The 23 June hearing was livestreamed as judges listened to submissions from lawyers representing both sides. SPDC has argued that the case should be heard in Nigeria. The court’s ruling is expected before the end of this year or early next year, a court spokeswoman told Reuters.

“We have always been adamant that the only hope for the people of Ogale to get justice for decades of pollution visited upon us by the acts of Royal Dutch Shell is through the Courts of the United Kingdom,” His Royal Highness King Okpabi, Paramount Ruler of the Ogale Community, said in a statement.

Lack of community engagement

The ongoing case mirrors a larger problem in the relationship between oil-producing communities in the Niger Delta and oil exploration companies. SPDC blames crude oil theft, illegal refining, and sabotage of oil pipelines for the oil spills. Militant groups have attacked facilities, disrupting production and causing significant revenue losses. The impact on the wider Nigerian economy, which is heavily reliant on oil, has been dire. Nigeria lost $38.5bn to oil theft between 2009 and 2018, according to the Nigeria Extractive Industries Initiative.  

SPDC attributed nearly 90% of oil spills on the SPDC facilities in 2017 to “illegal activities” but admitted that spills also occur due to “operational reasons”. 

But campaigners say a lack of proper community engagement is detrimental to oil firms’ operations in the delta. 

A broad range of environmental legislation and guidelines have been adopted and updated over the past four decades to reduce oil spills and pollution. Several government agencies have been appointed to regulate the sector, the most recent of which is the National Oil Spill Detection and Response Agency (NOSDRA) set up in 2006. 

The act establishing NOSDRA mandates companies to report an oil spill within 24 hours or face a fine of N500,000 ($1,290) for each day of failing to notify authorities. Delays with commencing clean-up of the affected site can attract an additional fine of N1m. NOSDRA reports that hundreds of court cases are filed yearly over oil spills and pollution, but the wheels of justice grind slowly for communities seeking justice.

Weak regulation

Erabanabari Kobah, an environmental scientist and campaigner in the Niger Delta, says that oil companies take advantage of weak institutions and lack of strict enforcement to operate with “negligence”. 

He blames cosy relationships between oil companies and government officials and says this has affected enforcement and allowed a lack of accountability and transparency to flourish. 

“The level of recklessness is appalling… The more we extract oil, the more the environment gets into trouble, the more the means of livelihood is taken away from the people,” he says.
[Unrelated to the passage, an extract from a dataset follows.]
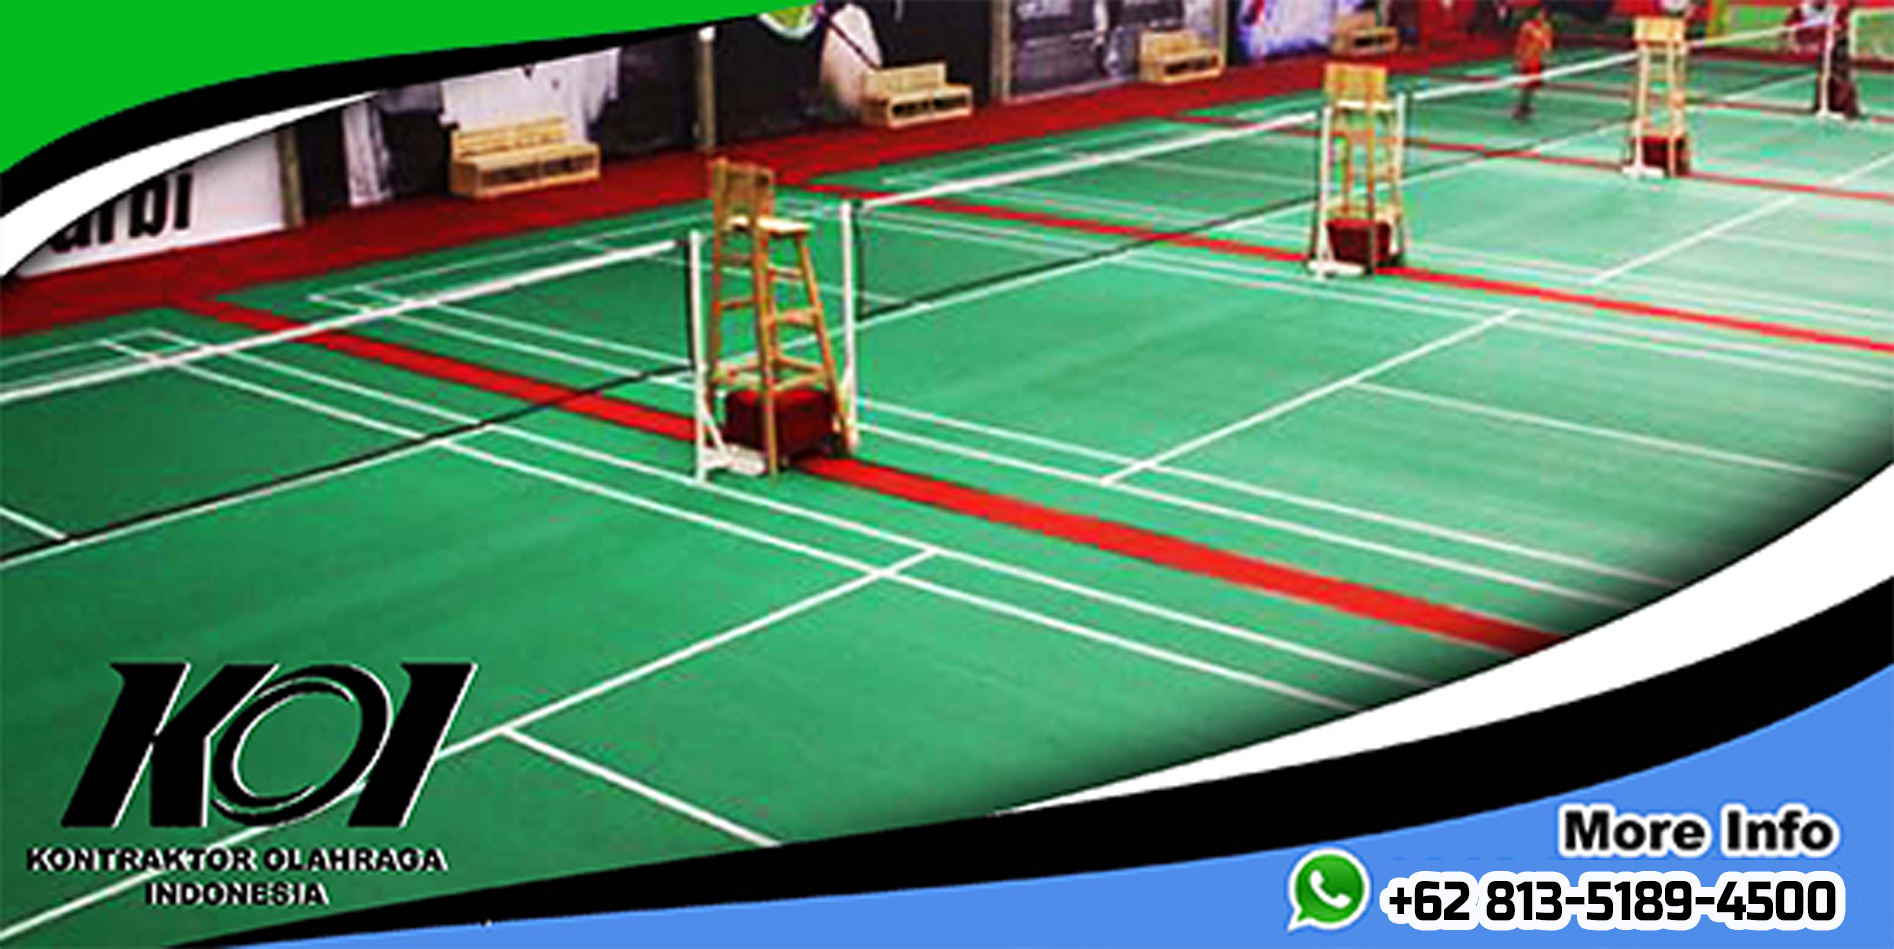 Distributor Harga Pembuatan Lapangan Badminton Murah Bagus Berkualitas

The Stakeholder Democracy Network (SDN), a local nonprofit supporting communities affected by oil spills and pollution, has argued that when government agencies regulating the oil industry are heavily reliant on production for revenue there can be a reluctance to enforce environmental restrictions. 

“If the regulators, or indeed the [petroleum] ministry, are dependent on oil for revenue in any way, situations may arise where the regulators may be reluctant to enforce ‘best practice’ because enforcement may reduce its own income,” the SDN wrote in a report.

The government’s response to the crisis came on the back of a 2011 United Nations Environment Programme (UNEP) report that recommended an initial fund of $1bn to commence the clean-up of affected sites which it said could take up to 30 years to be fully recovered. 

In 2012, Nigeria’s federal authorities established the Hydrocarbon Pollution Remediation Project (HYPREP) to implement the UN’s recommendations. In 2017, the project was rebranded and placed under the environment ministry. The SPDC joint venture provided $10m to enable HYPREP to begin the clean-up process.  

In late June this year, Isa Wasa, HYPREP’s head of community engagement, said clean-up has started in some 21 sites and is due to be completed this year. Wasa also said the project has provided livelihood training and equipment, fixed water projects, conducted health interventions, and created jobs for young people in the region. 

However, a recent report published by Amnesty International and other groups cited a November 2019 UNEP report that said “HYPREP is not designed, nor structured, to implement a project as complex and sizable as the Ogoniland clean-up.”

The report, No Clean Up, No Justice, which was published in late June, found that the 21 sites undergoing clean-up represent only 11% of the total affected area identified by UNEP.  

“The efforts that have been made have been too little, too weak and have not resulted in effective clean up,” the report alleges. 

Last year, Premium Times, a local online newspaper, found that nearly all the 16 firms contracted to start the initial phase of the clean-up lacked experience in remediation of oil spills.